Is the Dirac Lagrangian Hermitian?
$$(\psi^\dagger \gamma^0 \psi)^* = \psi^\dagger \gamma^0 \psi$$ because $\gamma^0$ is hermitian. Also,
$$ \begin{align} (\psi^\dagger i \gamma^0 \gamma^\mu \partial_\mu \psi)^* &= -i \partial_\mu\psi^\dagger \gamma^{\mu\dagger} \gamma^0 \psi\\ &= -i \partial_\mu\psi^\dagger (\gamma^0 \gamma^\mu \gamma^0)\gamma^0 \psi\\ &= -i \partial_\mu\psi^\dagger \gamma^0 \gamma^\mu \psi\\ &= i \psi^\dagger \gamma^0 \gamma^\mu \partial_\mu\psi + \mathrm{surface\,\,term}\\ \end{align} $$ For the second line I used $\gamma^{\mu\dagger} = \gamma^0 \gamma^\mu \gamma^0$ and for the last line I integrated by parts. I think your question hinges on this part, because the last "index" we sum over is the spacetime index $x^\mu$, i.e., integration. It is the same reason why the quantum mechanical momentum operator $p = i \tfrac{\partial}{\partial x}$ is hermitian.

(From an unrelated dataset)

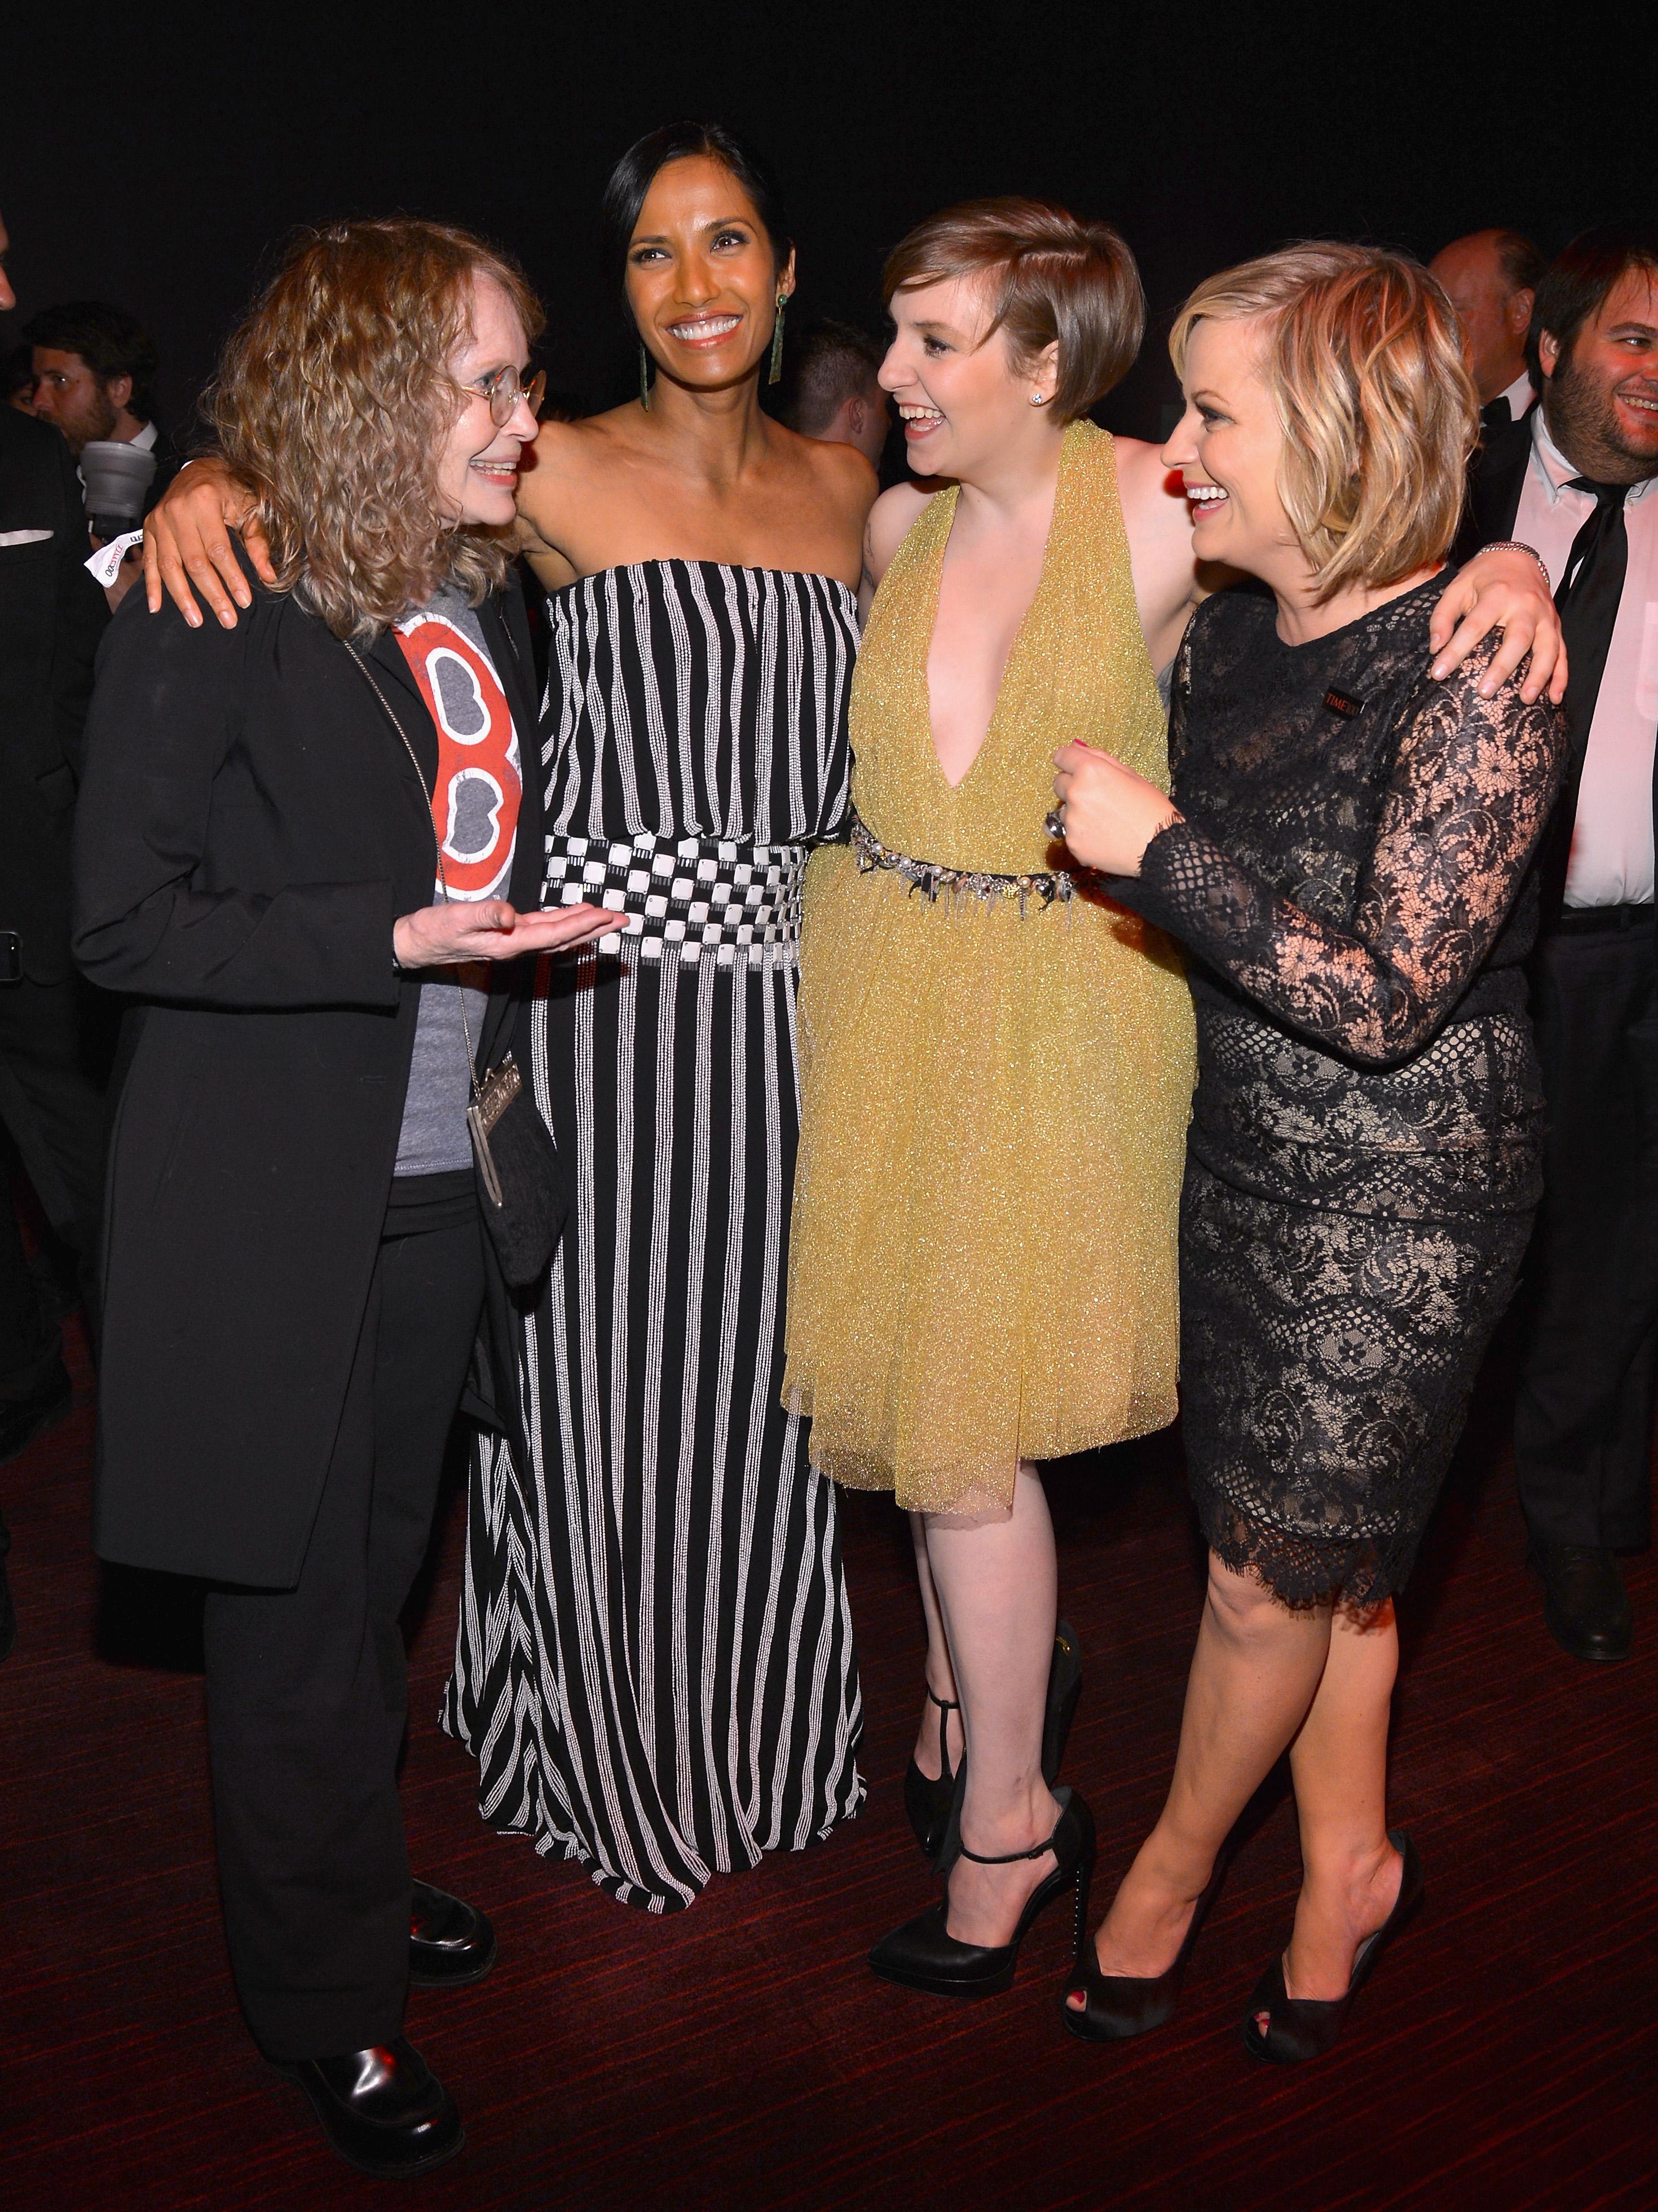 Mia Farrow, Padma Lakshmi, Lena Dunham & Amy Poehler
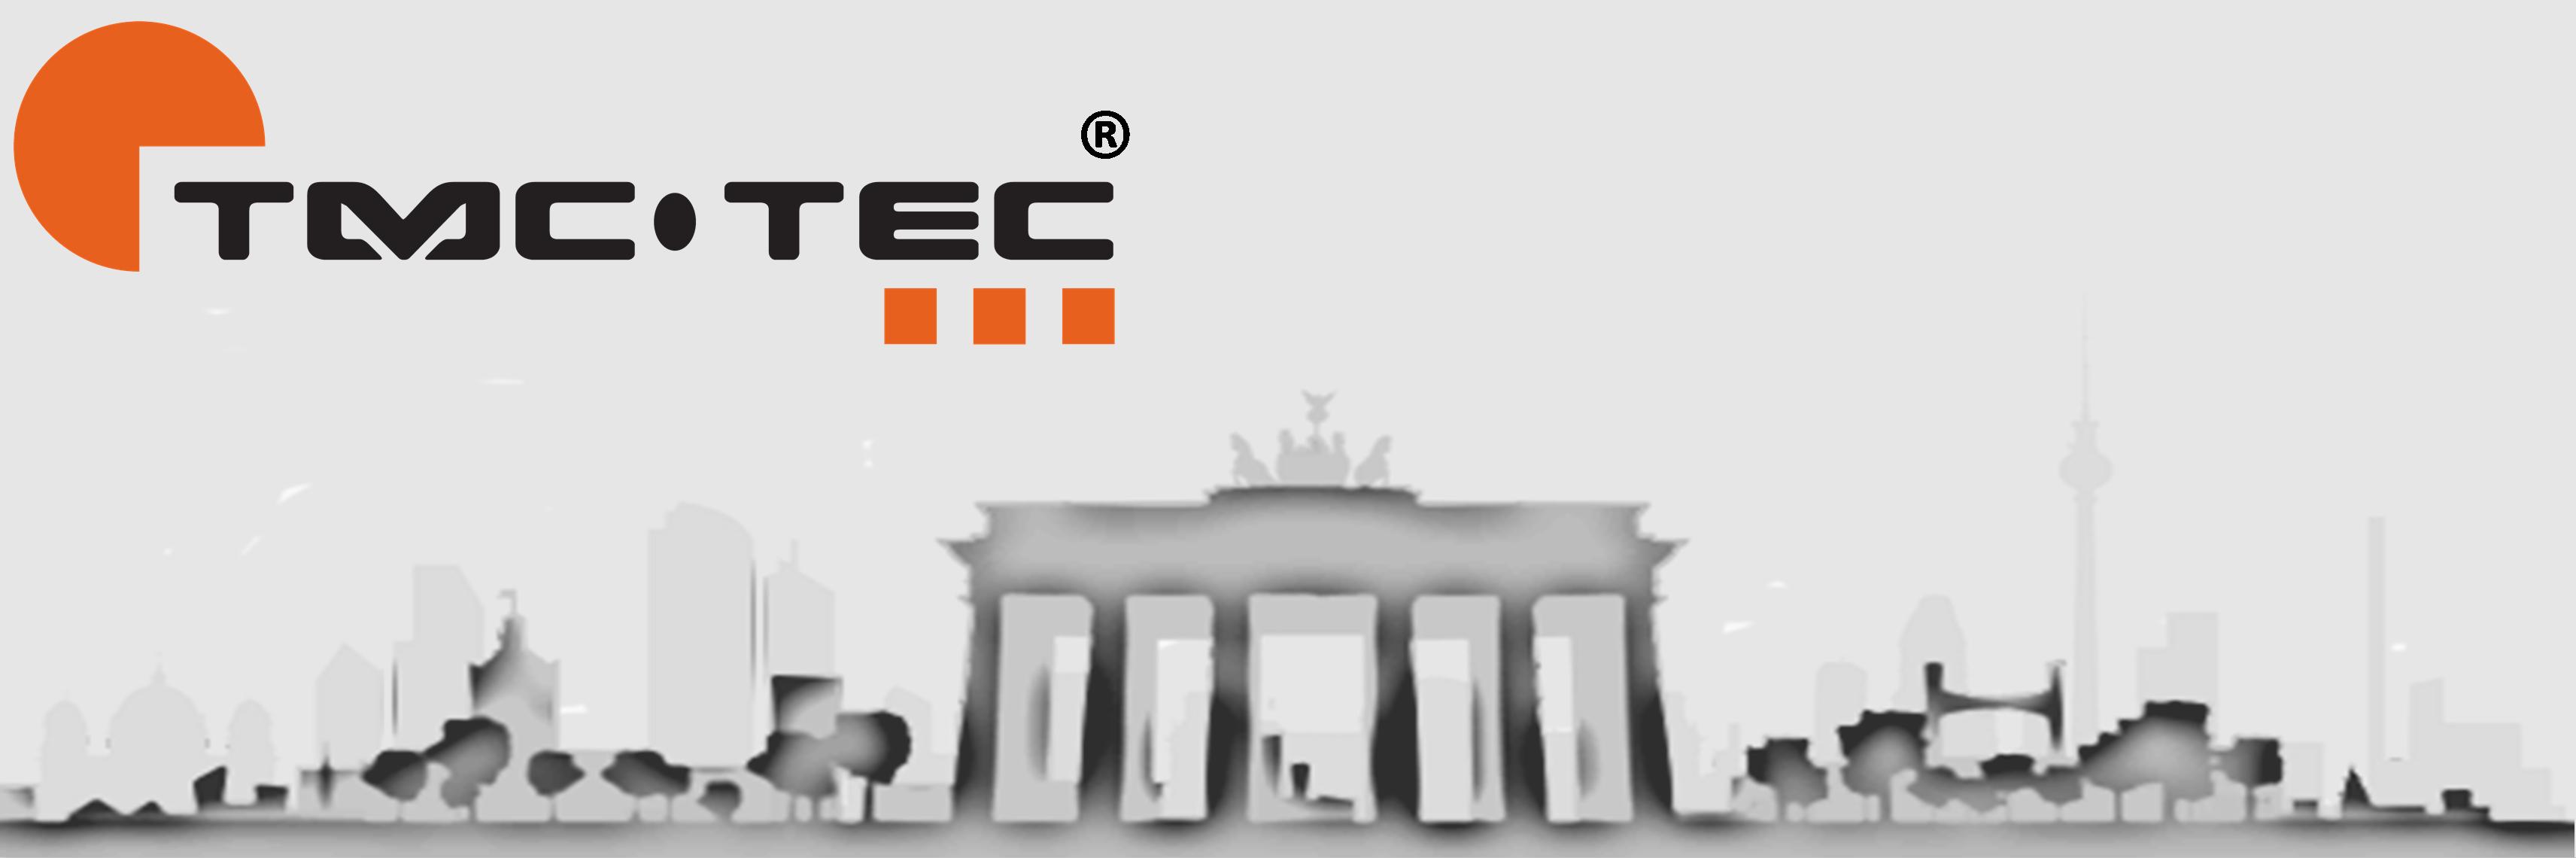 TMC-TEC Reparaturservice Logo-Header

Edit: Something I glossed over is that the spinors are also Grassmann numbers, so care has to be taken. In particular, this means that the components of the spinors satisfy
$$(\psi_i \phi_j)^* = \phi_j^* \psi_i^*$$
(more about that here). One already interchanges the objects when taking the Hermitian conjugate by the rules of matrix algebra, and there is a temptation to want to introduce a minus sign because they are Grassmann numbers, but this would be redundant. Borrowing from the linked math.se answer: $$ \begin{align} (\eta\xi)^*&=[(a+ib)(c+id)]^*\\ &=(ac-bd+ibc+iad)^*\\ &=ca-db-icb-ida\\ &=(c-id)(a-ib)=\xi^*\eta^* \end{align} $$
In principle what matters is the action and not the Lagrangian density that, strictly speaking must not be considered as an observable, since it is defined up to boundary terms. Concerning the free Lagrangian you are considering, it is real up to a boundary term. You can also re-define it just by adding the Hermitean conjugate Lagrangian you wrote to the original one and taking one half the result. This new Lagrangian density is real and equivalent to the initial one.